The easiest way to improve your writing is by writing in the active voice. Passive voice hides the villain, the problem, and the solution.
The rules of writing often resemble religion. There are scores of things writers are told they cannot do. Never start a sentence with “and”; use the Oxford comma; don’t use the Oxford comma; use the rule of three. For me, one sin rules them all: the passive voice.
When I edit something I usually look for passive voice. Converting passive voice to active is often the quickest way to improve copy. George Orwell (who knew a thing or two about writing) made it one of his six rules: “Never use the passive where you can use the active.”
What’s active? What’s passive?
Consider the Marvin Gaye song: ‘I (subject) heard (verb) it (object) through the grapevine’. This is active voice. The subject is doing (hearing).
Phrased in the passive voice it would be: ‘It (subject) was heard (verb) by me (object) through the grapevine’. In this version the subject isn’t doing anything.
Speak strongly, speak active
If you use passive voice you are failing to state why things are the way they are. The passive voice suggests things happen and they happen on their own, or by accident. This is rarely the case.
Anat Shenker-Osorio artfully highlights the absurdity in her book, Don’t Buy It:
“People lost their homes.” Even I, who lose my keys on a weekly basis, have never managed to misplace my house. People do not lose their homes. Lenders seize them — evicting grandmothers and forcing fathers to tell school kids their rooms are no longer their own.”
There are other examples.
- People losing their jobs and losing benefits. No — their boss fired them.
- People were injured. No — someone shot them.
- Wages declined. No — employers are paying less.
If you are advocating for people then they’ve probably been affected by the decision or action of another person. Describe that interaction by showing the subject in the sentence performing the action.
Shenker-Osorio again:
Unless we show that people did bad things, it’s impossible to believe people could do other things that would lead to desirable new outcomes.
Show the villain and you show the problem. Show the problem and you can show the solution.
Consider global warming
Emissions rose.

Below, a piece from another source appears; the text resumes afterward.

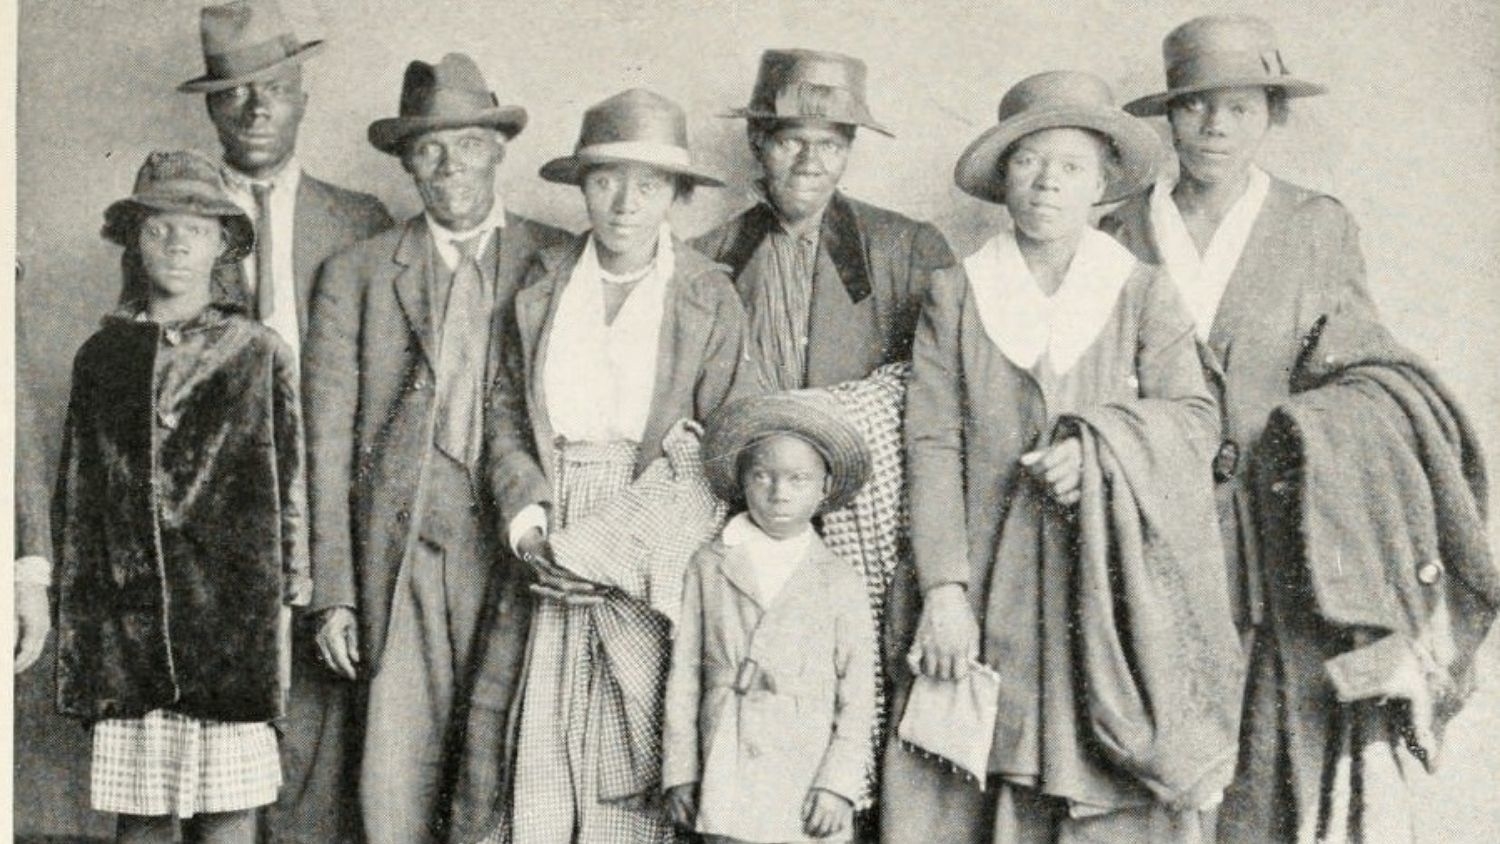 The Arthur family arrives in Chicago - Study Spotlights Black Social Reformer, Parks and Rec Pioneer, On Chicago's South Side - Parks, Recreation and Tourism Management at NC State University

Temperatures soared. Hurricanes increased. People were affected. Towns were flattened. Glaciers retreated.
These are familiar phrases that journalists and campaigners use when communicating the impacts of global warming and climate change. But who’s responsible? In these constructions no one is responsible — they are naturally occurring events or accidents. We know that’s not true. We know whose responsible: a handful of polluters have created most of the pollution that’s causing the hurricanes, fires, and floods that are killing people and wiping out communities.
The passive voice that is so prevalent on this issue it lets the big polluters off the hook.
If you’re guilty, use passive voice
People deploy the passive voice when they are left with no choice but to admit their guilt. They soften the language to obscure their own involvement or excuse others. The classic example is, “mistakes were made”. Richard Nixon, Ronald Reagan, and Bill Clinton have all used this phrase.
Bernie Madoff artfully used passive voice when asked about his fraudulent activities. In an interview with the New Yorker he said, “To the best of my recollection, my fraud began in the early nineteen-nineties.”
Unable to deny the fraud, he muddied his involvement. If he had used active voice he would have appeared more culpable: “To the best of my recollection, I began committing fraud in the early nineteen-nineties.”
How to check passive voice
It’s sometimes easy to let passive voice slip into your writing. There are a couple of things you can do to check before publishing. In Microsoft Word you can see how much of your document is passive by running a spell check. Once it’s been through your document it will display ‘Readability Statistics’ including what proportion of your document is passive. After the Deadline will show passive voice. So will the Hemingway Editor and my favorite writing tool, Draft.
So there’s no excuse: kill passive voice.